Here Mehta eloquently describes the reason why pioneers such as Wigner and Dyson associated the randomness of the Hamiltonian and, consequently, its corresponding matrix representation with the complexity of the nucleus (see Ref. 79 for more details). Beside the curse of dimensionality that we discussed earlier, the principle of parsimony is another motivation for an immediate use of dimensionality reduction regardless of the complexity of the phenomenon under study. While the principle of parsimony tells us that a simpler model is preferable to a competing complex model, it does not tell that all phenomena are simple. While the sparsity of parameters describing a phenomenon seems a tempting idea, not all phenomena are sparse. A heavy nucleus is a perfect example of a complex system. What Wigner did was not to create a parsimonious model to describe such a system. Instead, in his groundbreaking work, he increased the complexity of model to infinity by considering random matrices of infinite dimension.^74,75 As described in Ref. 81, the Bayesian philosophy dominated the statistics in the nineteenth century, but twentieth century was more a frequentist one. I believe that after the long 250-year-old debate between Bayesians and frequentists, if there is a revolution in statistical learning community (if not yet), it happens in shifting the low-dimensional analytical paradigm to a high-dimensional one (see the R.A. Fisher's quote in the introduction).
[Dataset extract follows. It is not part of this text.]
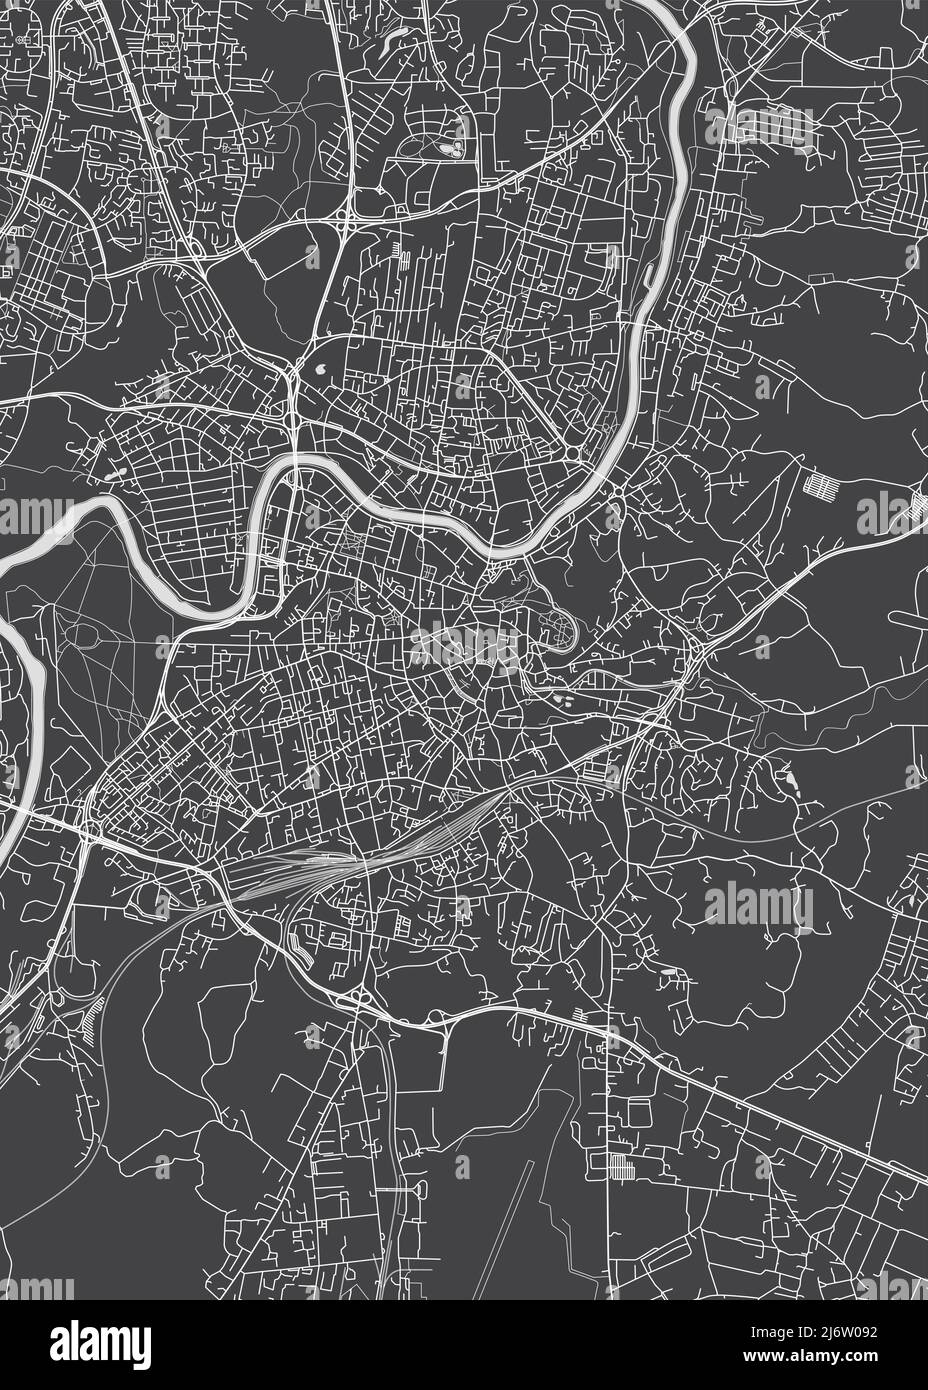 City map Vilnius, monochrome detailed plan, vector illustration Stock Vector

In the last 60 years, there have been an enormous number of studies in the context of random matrices of increasing dimension. The field has been developed to a large extent in the hands of F. J. Dyson,^79,82,83 M. L. Mehta,^84–87 L. A. Pastur,^71,88,89 V. L. Girko, J. W. Silverstein,^93–96 Z. D. Bai,^97–100 and Y. Q, Yin.^101–104 As estimated in Ref. 70, there has been more than 2,500 publications in the field from 1955 to 2004. The readers are encouraged to consult^70,72,80 for historical surveys of some of important results in the field.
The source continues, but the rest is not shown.